A half-moon was rising, shedding light on the empty monastery. Buildings rose about them in black and gray bulks. She pulled her hood over her head and lifted her skirt as he led her across a grassy plot. Her footsteps echoed softly as they passed onto the paved cloister.
A half-year past she would have been terrified out of her mind to walk here in the silence and emptiness. But Allegreto was with her, and not even the ghosts of dead men could frighten her. An old monastery on a summer night, only abandoned because the monks had preferred some better place, held nothing so fearsome as he was.
He walked ahead of her, noiseless, turning through another passage where the moonlight shone in a pale arch at the other end. They followed the overgrown road to the gatehouse, and Allegreto gave her his hand to help her over the slanted timbers of the half-fallen door.
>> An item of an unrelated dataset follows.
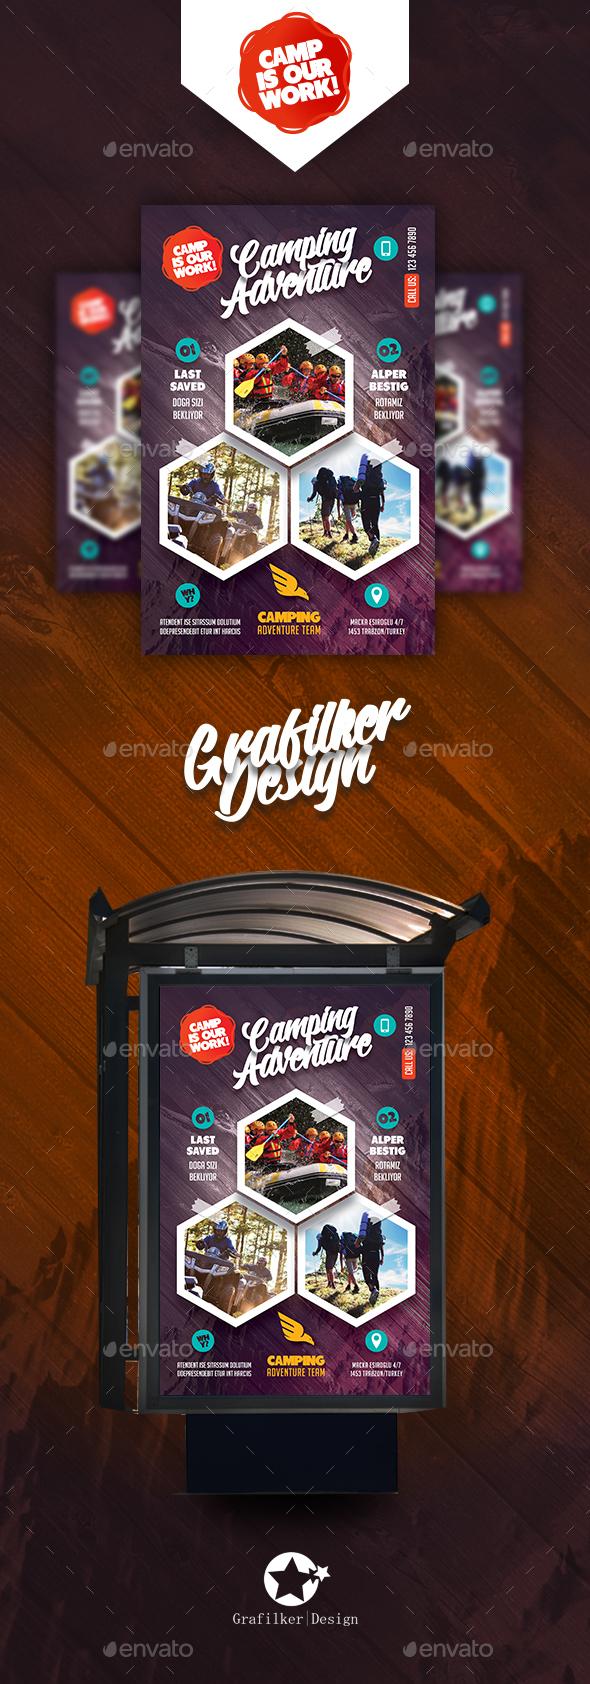 Camping Adventure Poster Templates - Signage Print Templates

He let go of her instantly. But he stopped, facing Cara in the starlight. "Is it true—or did you say it for my father?"
She couldn't look into his face. Since they had left Bowland, she in Princess Melanthe's household and he in Gian's, there had been nothing but the briefest dealings between them, messages passed for her mistress and no more. She was safe with him, she knew; she did not even fear ghosts with him beside her, but Guy had been given a place with the princess as a yeoman of horse. He was well within Allegreto's reach.
"No," she lied. "No, I just said it, so that—" She stopped.
"So that my father would not force you." Mortification hovered in his voice. "I wouldn't have—I didn't, did I? I could have said yes to him."
"Let us not speak of this." She started past, suddenly fearing him as she had not before, fearing that they were alone here in the empty dark.
"Are you betrothed to him?"
"No." She said it too quickly, too breathlessly. That was to protect Guy, but she had no lie to protect herself if Allegreto chose to constrain her by strength.